Unfair Labour Practice as defined by the LRA
Unfair Labour Practice denotes any unfair treatment in the workplace between an employer and an employee involving:
a) The unfair suspension of an employee or any other unfair disciplinary dismissal in respect of an employee;
b) Unfair conduct by the employer relating to the promotion, demotion, probation (excluding disputes about dismissals for a reason relating to probation) or training of an employee or relating to the provision of benefits to an employee;
c) A failure or refusal by an employer to reinstate or re-employ a former employee in terms of any agreement; and
d) An occupational detriment, other than dismissal, in contravention of the Protected Disclosure Act, 2000 (Act No. 26 of 2000), on account of the employee having made a protected disclosure defined in the Act.
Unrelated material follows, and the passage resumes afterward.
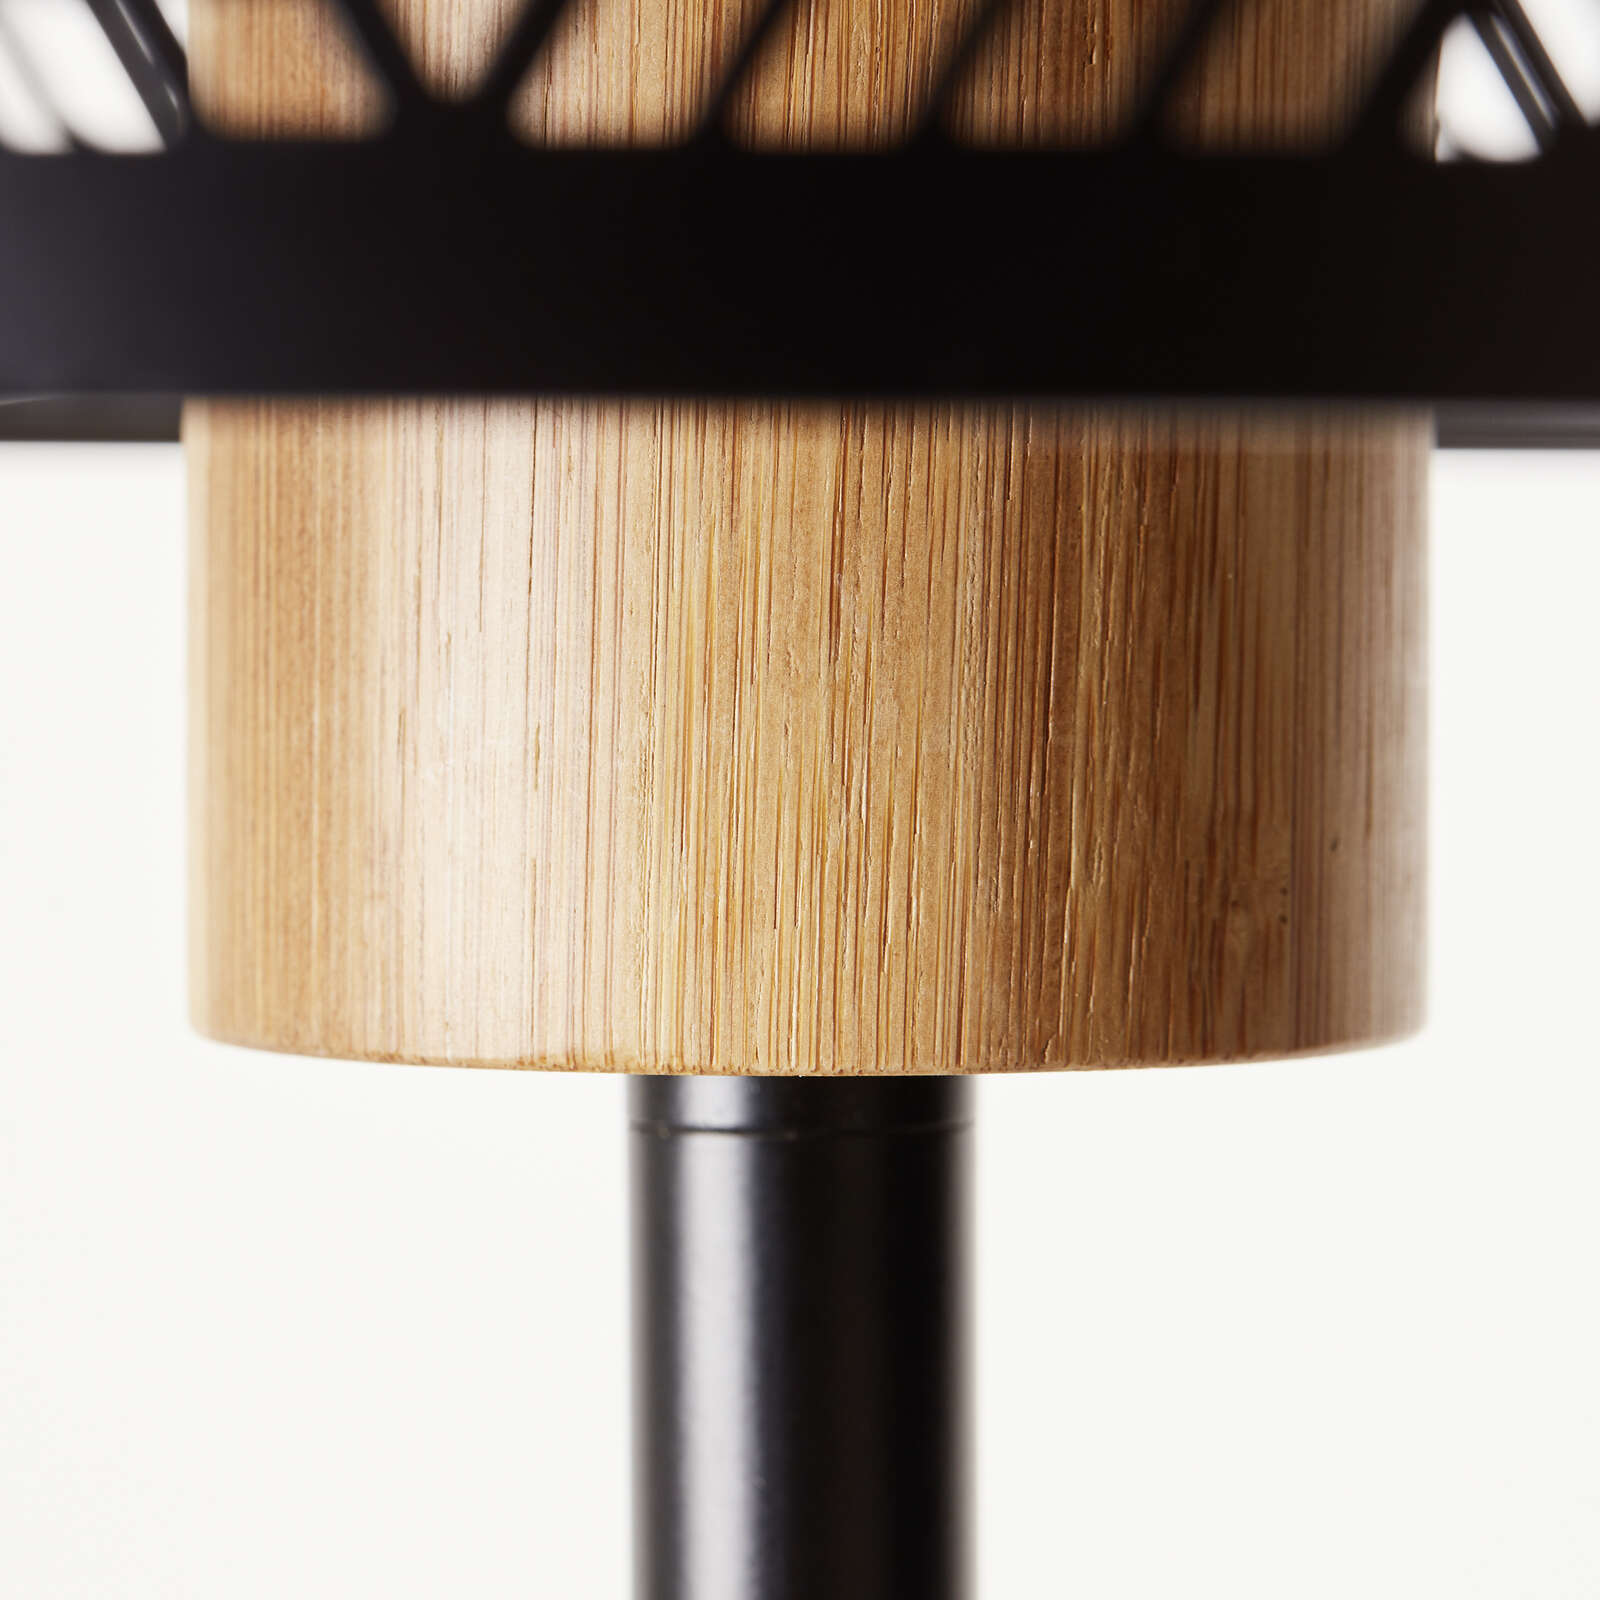             Bamboo floor lamp - Moritz 4 - Brown

An employee must validate that the unfair act falls within the definition of an unfair labour practice.

Unfair Labour Practice relating to promotion
Many arguments arise in the workplace regarding promotion to an existing post, perhaps upon retirement or resignation of the existing incumbent, or even to a newly created post.
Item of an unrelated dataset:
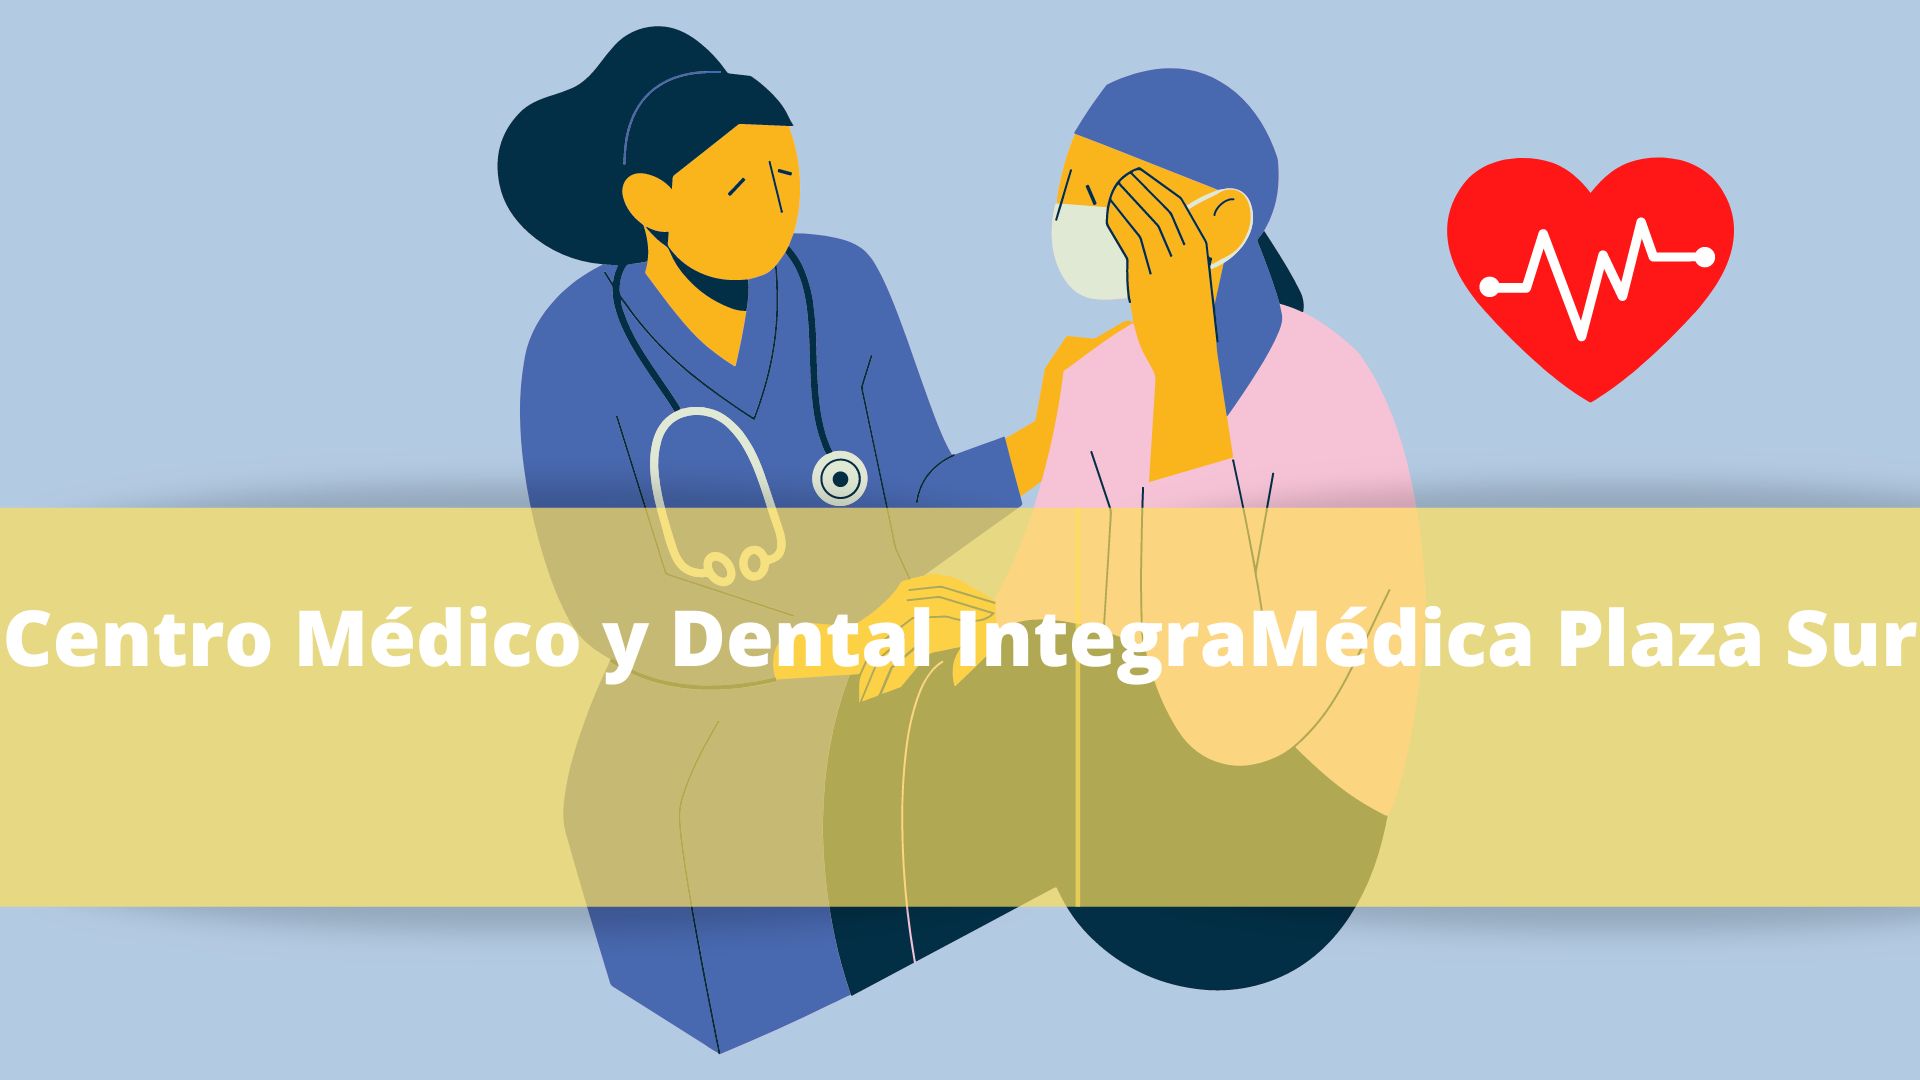 Centro Médico y Dental IntegraMédica Plaza Sur

Most employees are of the opinion that because they are already employed by the employer, or because they are already employed in that particular department, or have a number of years experience in the post just below the vacant post, that they are entitled to be promoted, or that they have an entitlement to receive preference above any other applicants. They often feel therefore that it is unfair practice when the dont get the position
This is not so. An employee does not have any legal entitlement to be promoted to a higher post, therefore it cannot be seen as unfair labour practice. If there are conditions contained in the employment contract regulating promotion, then of course the employee could make a claim in terms of those conditions.
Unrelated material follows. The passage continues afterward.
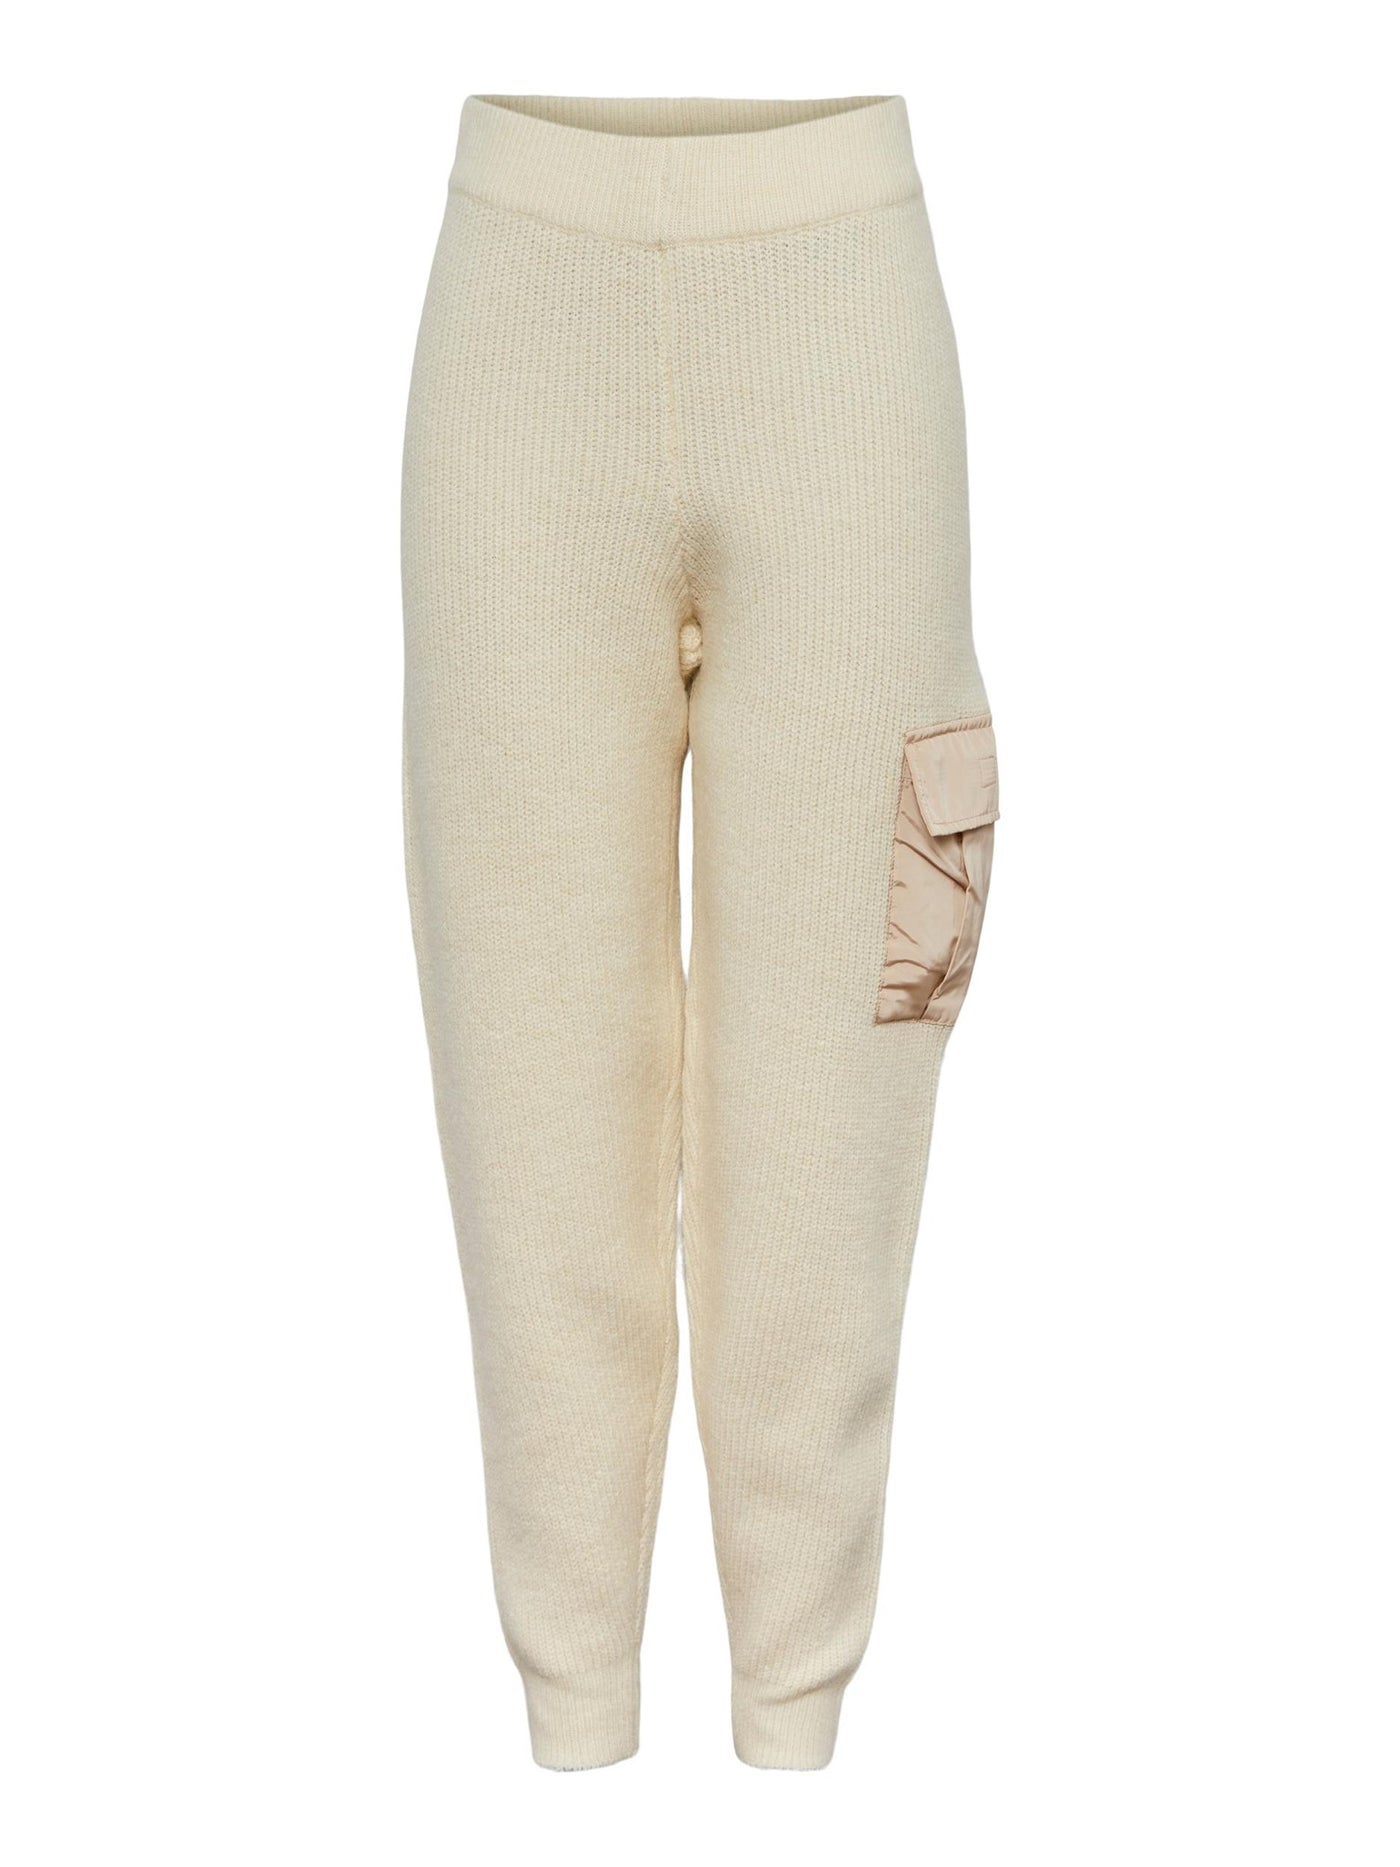 Naura Knit Pants - Antique White - PIECES - Vit

Employers are perfectly free to choose who they will appoint to any vacant post, whether it is a promotion or not. So this should not be seen as unfair practice
For more information contact Bernard Reisner:
W.Tel no.: 021-423-3959
Cell: 082-433-8714
Fax: 021-4232105
E-mail: bernard@capelabour.co.za
Website: www.capelabour.co.za
FAQs
What should I do if I believe I am a victim of unfair labour practice?
If you believe you have experienced unfair labour practice, it is essential to document the incidents and gather any relevant evidence. You may consider discussing the issue with your employer or HR department. If the matter remains unresolved, seeking legal advice or contacting a labour consultant may be beneficial to explore your options.
What is the role of the Protected Disclosure Act in unfair labour practices?
The Protected Disclosure Act safeguards employees who make protected disclosures from occupational detriments. If an employee faces negative consequences for reporting wrongdoing or misconduct, this may constitute an unfair labour practice. Employees are encouraged to understand their rights under this Act to protect themselves.
What should I know about the process of making a claim for unfair labour practice?
When making a claim for unfair labour practice, it is crucial to understand the specific grounds for your claim. Gather evidence, including documentation and witness statements, to support your case. You may need to follow internal grievance procedures before escalating the matter to external bodies or seeking legal action. Consulting with a labour expert can provide guidance throughout this process.
Can an employee claim entitlement to a promotion?
No, employees do not have a legal entitlement to be promoted simply based on their current employment or experience. While many believe they should receive preference for promotions, employers have the discretion to choose candidates for vacant posts. If specific conditions regarding promotions are outlined in an employment contract, employees may have grounds for a claim based on those terms.